# Cross Validation
---
This notebook uses Cirrus to perform cross validation on a logistic regression model.

## Setup
---

In [1]:
# To ease development, each time a cell is run, all modules will be reloaded.
%load_ext autoreload
%autoreload 2

In [2]:
import logging
import sys
import atexit

In [3]:
# Cirrus produces logs, but they will not show unless we add a handler that prints.
from cirrus import utilities
utilities.set_logging_handler()

In [4]:
from cirrus import instance, automate, lr, GridSearch, cv_utils

[     _initialize | ResourceManager] Initializing no-retries Lambda client.
[     _initialize | ResourceManager] Initializing IAM resource.
[     _initialize | ResourceManager] Initializing EC2 resource.
[     _initialize | ResourceManager] Initializing Cloudwatch Logs client.
[     _initialize | ResourceManager] Initializing S3 resource.
[     _initialize | ResourceManager] Initializing STS client.

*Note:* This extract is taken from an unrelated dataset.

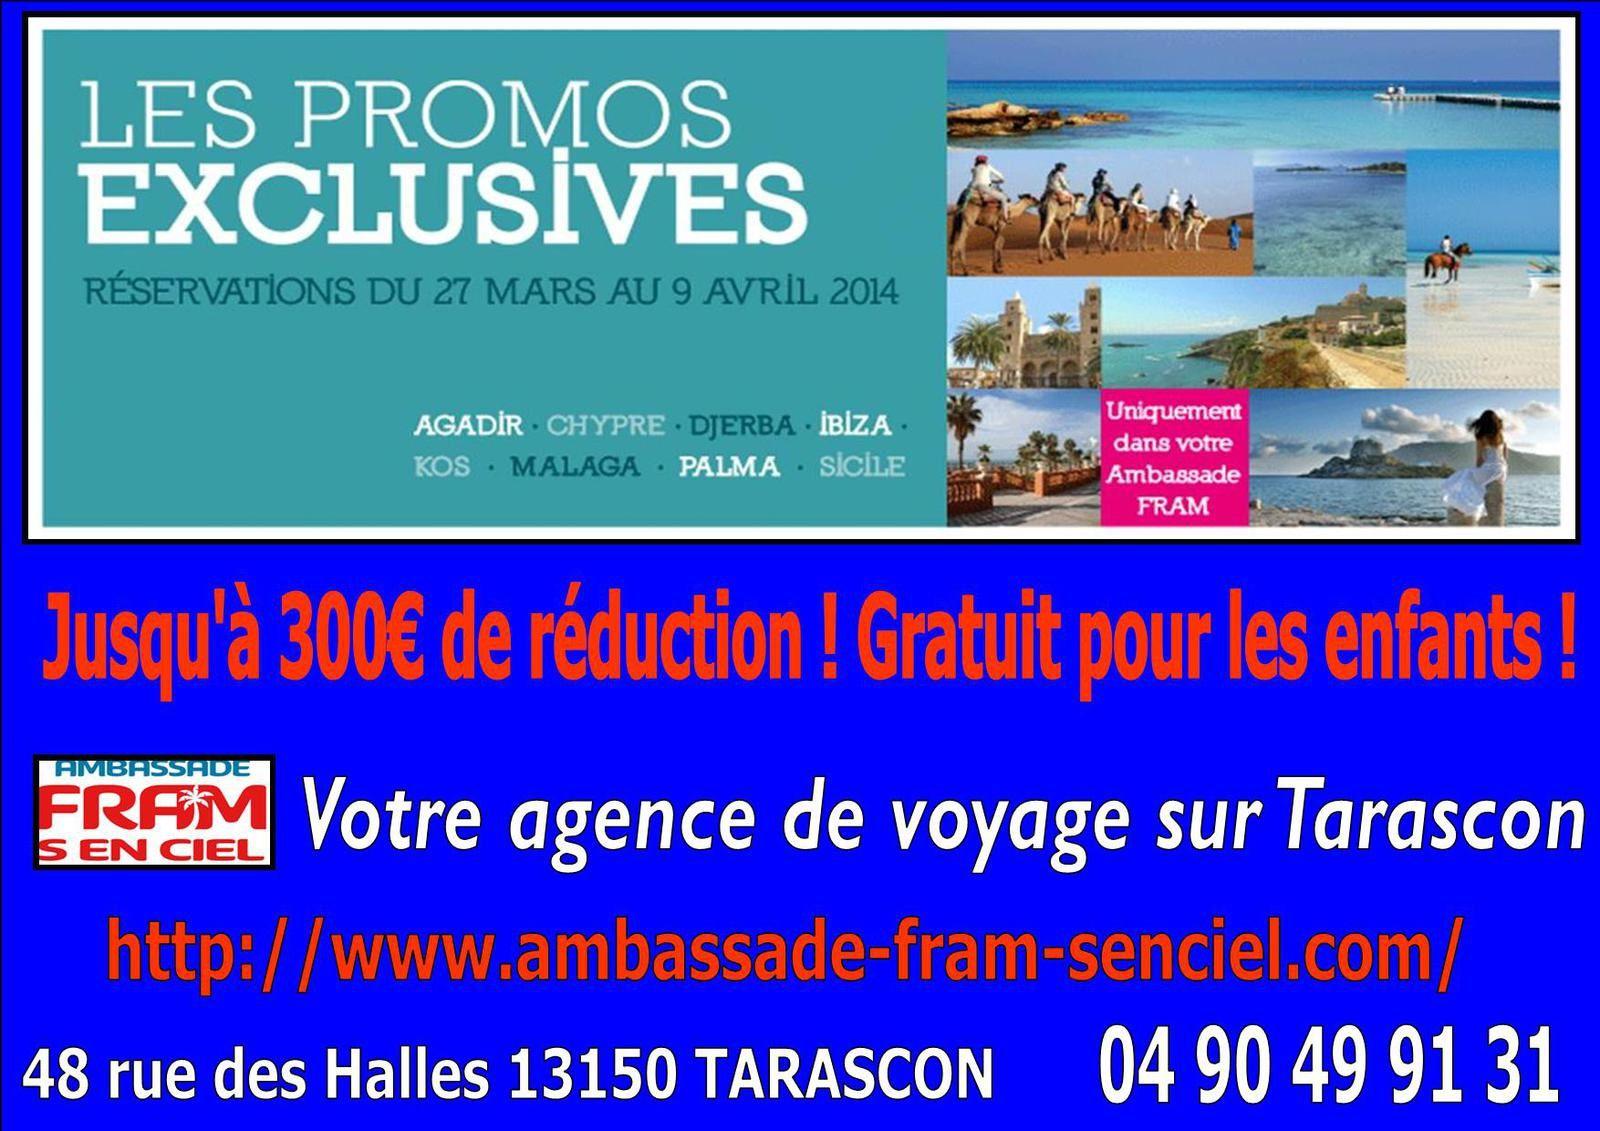 Votre agence de voyage sur Tarascon, rue des Halles. Venez vous renseigner !!
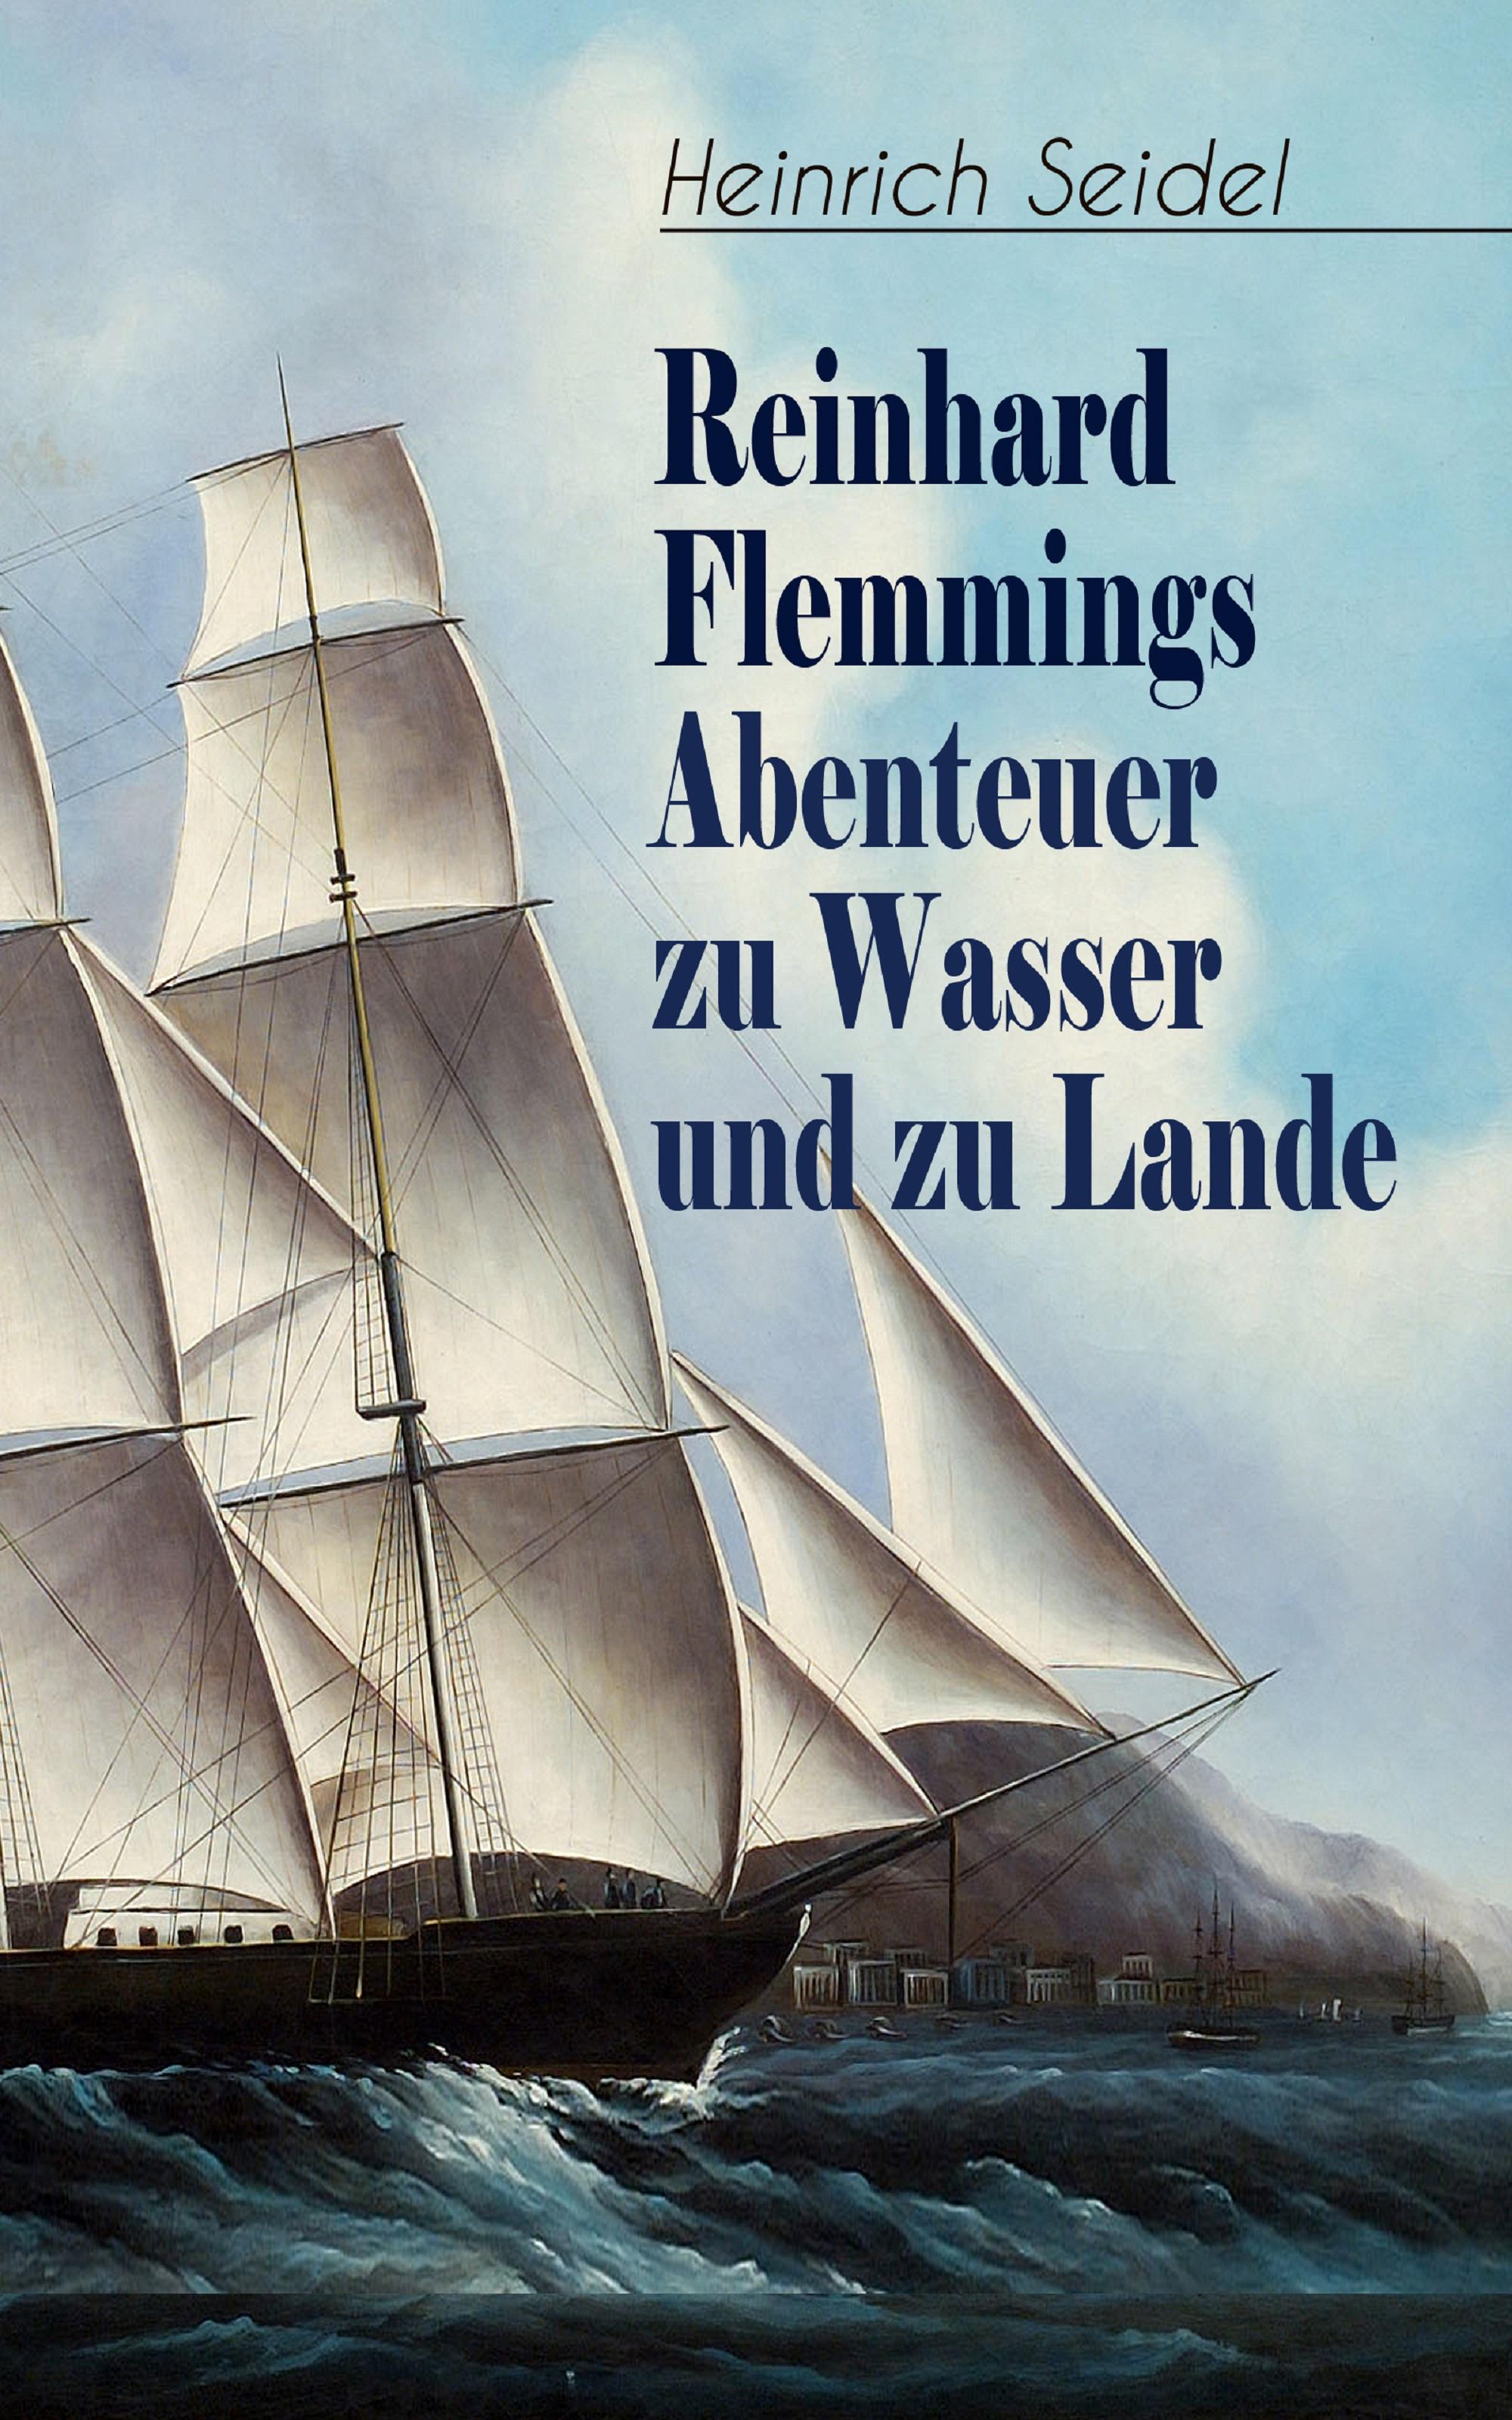 цены Heinrich Seidel Reinhard Flemmings Abenteuer zu Wasser und zu Lande

## Instances, base task configuration, hyperparameters
---

First, we start some EC2 instances.

In [5]:
NUM_INSTANCES = 2

instances = []
for i in range(NUM_INSTANCES):
    inst = instance.Instance(
        name="hyperparameter_example_instance_%d" % i,
        disk_size=32,
        typ="m4.2xlarge",
        username="ubuntu",
        ami_owner_name=("self", "cirrus_server_image")
    )
    inst.start()
    instances.append(inst)

[        __init__ |      MainThread] Resolving AMI owner/name to AMI ID.
[        __init__ |      MainThread] Done.
[         _exists |      MainThread] Listing instances.
[         _exists |      MainThread] No existing instance with the same name was found.
[ _start_and_wait |      MainThread] Starting a new instance.
[ _start_and_wait |      MainThread] Waiting for instance to enter running state.
[ _start_and_wait |      MainThread] Fetching instance metadata.
[ _start_and_wait |      MainThread] Done.
[           start |      MainThread] Done.
[        __init__ |      MainThread] Resolving AMI owner/name to AMI ID.
[        __init__ |      MainThread] Done.
[         _exists |      MainThread] Listing instances.
[         _exists |      MainThread] No existing instance with the same name was found.
[ _start_and_wait |      MainThread] Starting a new instance.
[ _start_and_wait |      MainThread] Waiting for instance to enter running state.
[ _start_and_wait |      MainThread] Fetc

Second, we define the base configuration for our machine learning task.

In [6]:
base_task_config = {
    "n_workers": 16,
    "n_ps": 1,
    "dataset": "criteo-kaggle-19b",
    "learning_rate": 0.0001,
    "epsilon": 0.0001,
    "progress_callback": None,
    "train_set": [(0, 799)],
    "test_set": (800, 850),
    "minibatch_size": 200,
    "model_bits": 19,
    "opt_method": "adagrad",
    "timeout": 60,
    "lambda_size": 192
}

Third, we identify our hyperparameters and their possible values.

In [7]:
hyperparameter_names = [
    "train_set",
    "test_set"
]
hyperparameter_values = cv_utils.create_test_train_sets(k = 4, num_sets = 200)
print(hyperparameter_values)

[[[[50, 99], [100, 149], [150, 199]], [[0, 49], [100, 149], [150, 199]], [[0, 49], [50, 99], [150, 199]], [[0, 49], [50, 99], [100, 149]]], [(0, 49), (50, 99), (100, 149), (150, 199)]]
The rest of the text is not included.